Tag Archives: IT

Reflections on Castells and Kellner

Both these paper are dated – Castells  from 1999, Kellner from 2002.  They both take a broad philosophical sweep over the changing world as a result of IT and network technologies.

Castells focuses on networks – power being in the network, isolation if out of the network.  He identifies the opportunity for slower adopters to leapfrog the early stages and go straight to fully networked access. He identifies the transformation of relationship between capital and labour when labour is remote and invisible in an information society.  He identifies cost lowering as the thin end of the wedge for poorer countries in a globalised world.    However, he lapses into idealism “The  disassociation between economic growth  and social development in the  information age is not only morally wrong, but also impossible to sustain.”  “It will take a dramatic investment in overhauling  the  educational system everywhere, through co-operation between national and local  governments, international institutions and lending agencies, international and  local business, and families.”  I wonder if he really expected that to happen?

Kellner is even more idealistic.  He focuses on the need to gain new literacies rather than on the acquisition of IT and networks.  However his conclusions are simplstic and impractical.  ” The disconnect and divides can be overcome, however, by more actively and collaboratively bringing students into interactive classrooms or learning situations in which they are able to transmit their skills and knowledges to fellow students and teachers alike.”  ” In much of the world, the struggle for daily existence is paramount and meeting unmet human and social needs is a high priority.
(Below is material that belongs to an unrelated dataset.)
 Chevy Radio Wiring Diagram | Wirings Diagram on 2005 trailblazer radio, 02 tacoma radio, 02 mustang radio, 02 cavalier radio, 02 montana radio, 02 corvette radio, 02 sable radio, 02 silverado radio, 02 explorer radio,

Yet everywhere education can provide the competencies and skills to improve one’s life, to create a better society, and a more civilized and developed world.”  “The time is ripe to take up the challenge and to move to reconstruct education and society so that groups and individuals excluded from the benefits of the economy, culture, and society  may  more  fully  participate  and  receive  opportunities  not  possible  in  earlier  social constellations “.  Again one wonder if he is really serious regarding this as a possibility>

Both papers are comprehensive and analytically sound.  However their conclusions either reflect the misplaced optimism of the dawn of networked society or are just academically tidy ways to end their papers!

Reflection on Leach

I enjoyed Leach and found the evidence of value-added from ICT in rural education convincing in subjective terms.  However, the paper raises many issues and resolves few.
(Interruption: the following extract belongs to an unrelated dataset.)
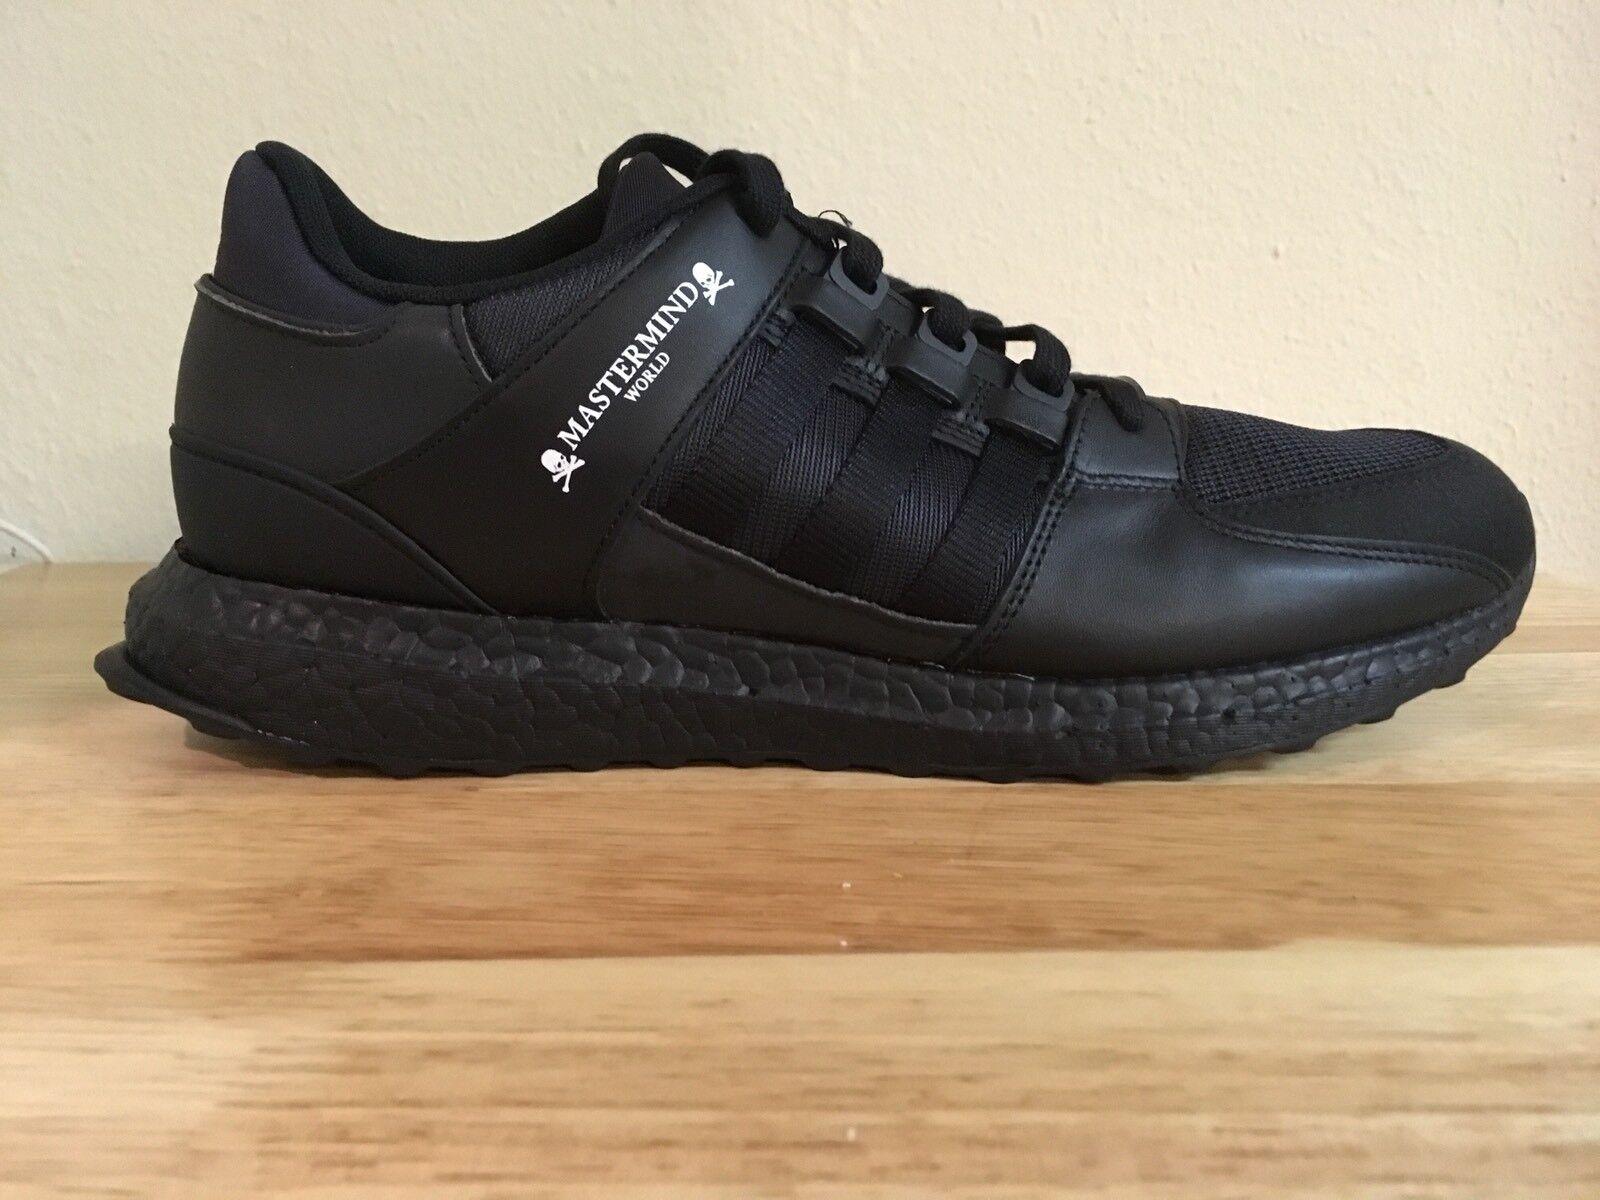 Custom Triple Black Adidas Mastermind World EQT Support Ultra US 11 CQ1826 Boost

  • The primary problem is the eternal question ‘what is education’.  Leach’s research is mainly qualitative and while value is described in subjective terms, there is little objective evidence (except anecdotal reports of better exam marks).  The evidence seems to reinforce other studies which show that online learning provides more engagement and deeper understanding but little better performance in summative assessment (particularly of the ‘fill in the answer’ type typical in Africa).  Many would argue that this deeper understanding reflects improved pedagogy but it doesn’t pay the bills or convince politicians the way exam results do.
  • Some of the answers seem oblique to the challenge.  The challenge that food and penicillin were more important than ICT was answered by evidence that reading and writing were improved.  Well not for the kids who had starved to death or died of infection first!
  • The cost benefit challenge is similarly answered illogically.  Value was described as the production of posters and notices which could just as easily have been written by hand.  The use of the printer as a photocopier does not provide much evidence of the power of ICT in education!

There was however, a lot of good information.  Certainly the evidence that people, however unsophisticated, could use and get value from technology was useful to rout the Luddite arguments.  The evidence that goods would be protected from theft and damage if they were sufficiently valued was also interesting.

The most convincing argument seemed to be the last – that technology was shrinking the world, so making these remote people less remote and enabling them to access education otherwise unavailable to them.

Overall, the paper is convincing that ICT in education, if done well – with the right equipment, the right content, the right pedagogy and some access to support – can produce improved educational results.  However, with all those qualifications I am not sure the arguments would convince the doubters.  There is so much alternative evidence of technology-led initiatives which have failed to have much impact that these beacons of isolated good practice may be seen as only that, not evidence of general opportunity.